Variables will be replaced by keys (during compilation). Every key is a 2 byte integer ranging from 1 to 65535. When you have for example a variable inside a namespace, the key will exist out of first a 2 byte integer containing the key of the namespace, and than a 2 byte integer containing the key of the actual variable.

So for example if I have namespace foo and I have a variable test in it, and we say that namespace foo will be assigned key 1, and variable test inside 1 will be assigned key 1->1. (First variable in first namespace). In the Assembly itself, we terminate these keys with a NULL byte. (Keep in mind this is the compiled Assembly rather than the real code before compilation)

GETV 1 1 0 SET 5 RET

This Assembly will get variable test out of namespace foo, and set it to 5. It'll then return that variable.

GETV 1 2 1 0 SETV 1 1 0 RET

This assembly could match the following (fictional) code:

foo::testClass::test = foo::test;
return foo::test;

Providing the following structure is given.

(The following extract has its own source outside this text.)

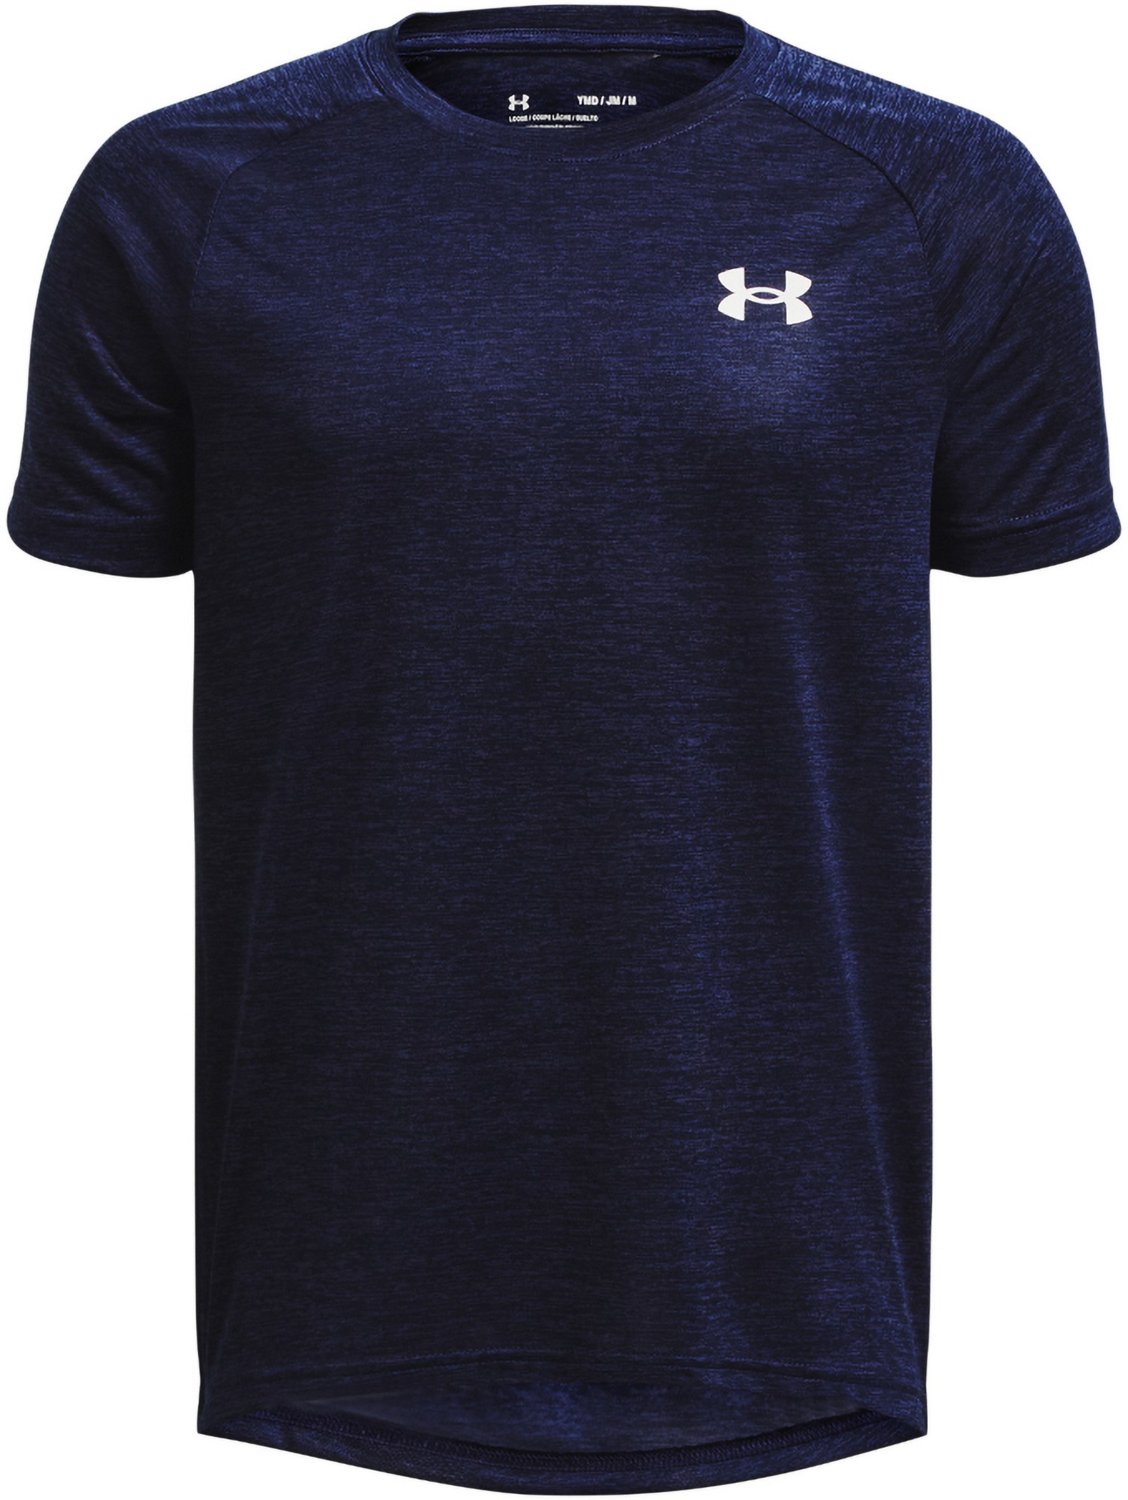 Under Armour Boys' UA Tech 2.0 Short Sleeve T-Shirt                                                                              - view number 1 selected

namespace foo { // 1 First Global Variable
    byte test = 1; // 1 1 - First Variable Inside First Global Variable
    class testClass { // 1 2 - Second Variable Inside First Global Variable
        static byte test = 0; // 1 2 1 - First Variable Inside Second Variable Inside First Global Variable
    }
}

How would I go about accessing these variables? My current plan was to store them inside a hashmap using the key as string as hash. I don't have any idea how to go about doing this though as how would I know what type of variable is stored in that current key, how long it is and how to do calculations with it. I do understand that preventing mad calculations like adding unsigned integers to signed ones can be handles by the compiler, but that still leaves us with the problem, how long is that variable, and how to handle it. (Adding 2 floats would be handled differently than adding 2 integers, right?)

1

There are 1 best solutions below

5
On

The best approach here is not to keep some strange identifiers for your variables but to use direct pointers. Once the program is compiled you will not need human-centric names anymore.

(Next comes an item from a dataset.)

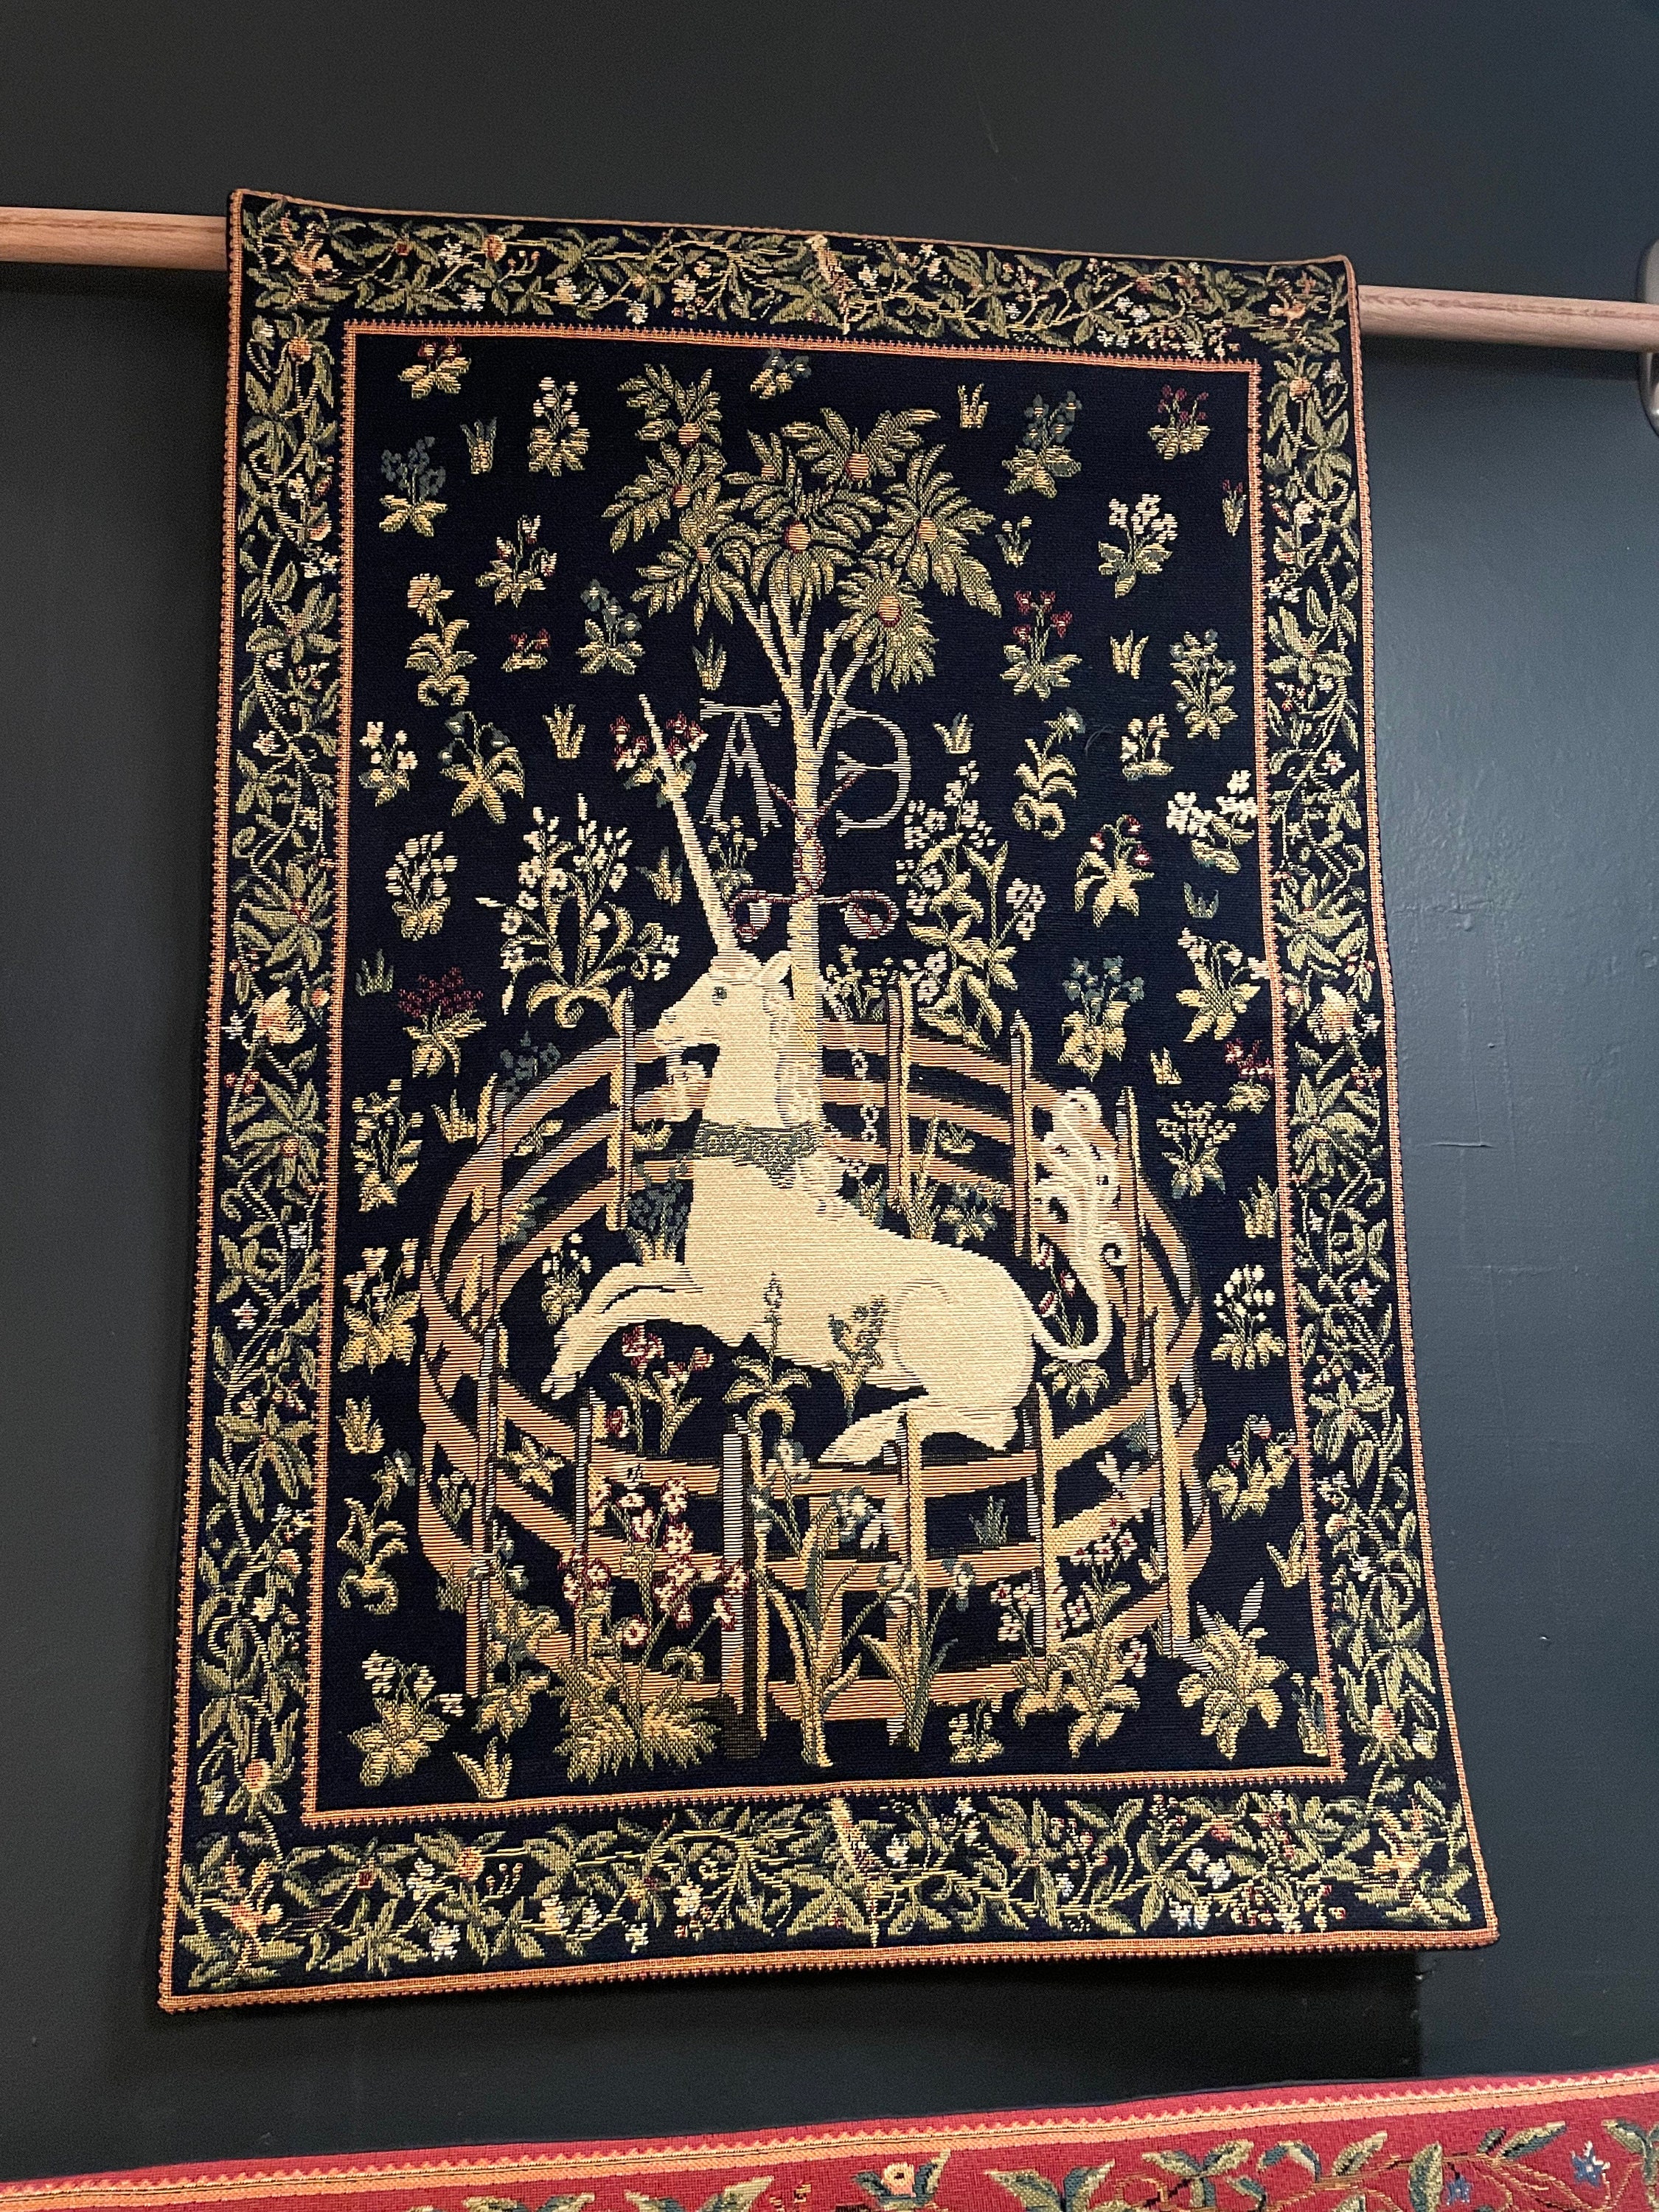 Unicorn Tapestry Wall Hanging Unicorn in Captivity Wall Decor Medieval  Tapestry Medieval Decor Blue Wall Hanging Tapestry

What is more important, you need to think about the structure of your variables. Depending on the syntax of your language, besides of the memory that to keep the value of your variables, you may need some metadata to be stored as well - the type of the variable, for example. This information is needed only if you want to support automatic type casting. If your language is strictly typed, you will be able to resolve all type conflicts in compile time and then you will not need type information in run time.

Also, depending on the syntax, you may need to keep an index that to map the human readable names of the variables to the actual addresses. This index is needed only if your language has functions similar to:

var_by_name(s:string):pointer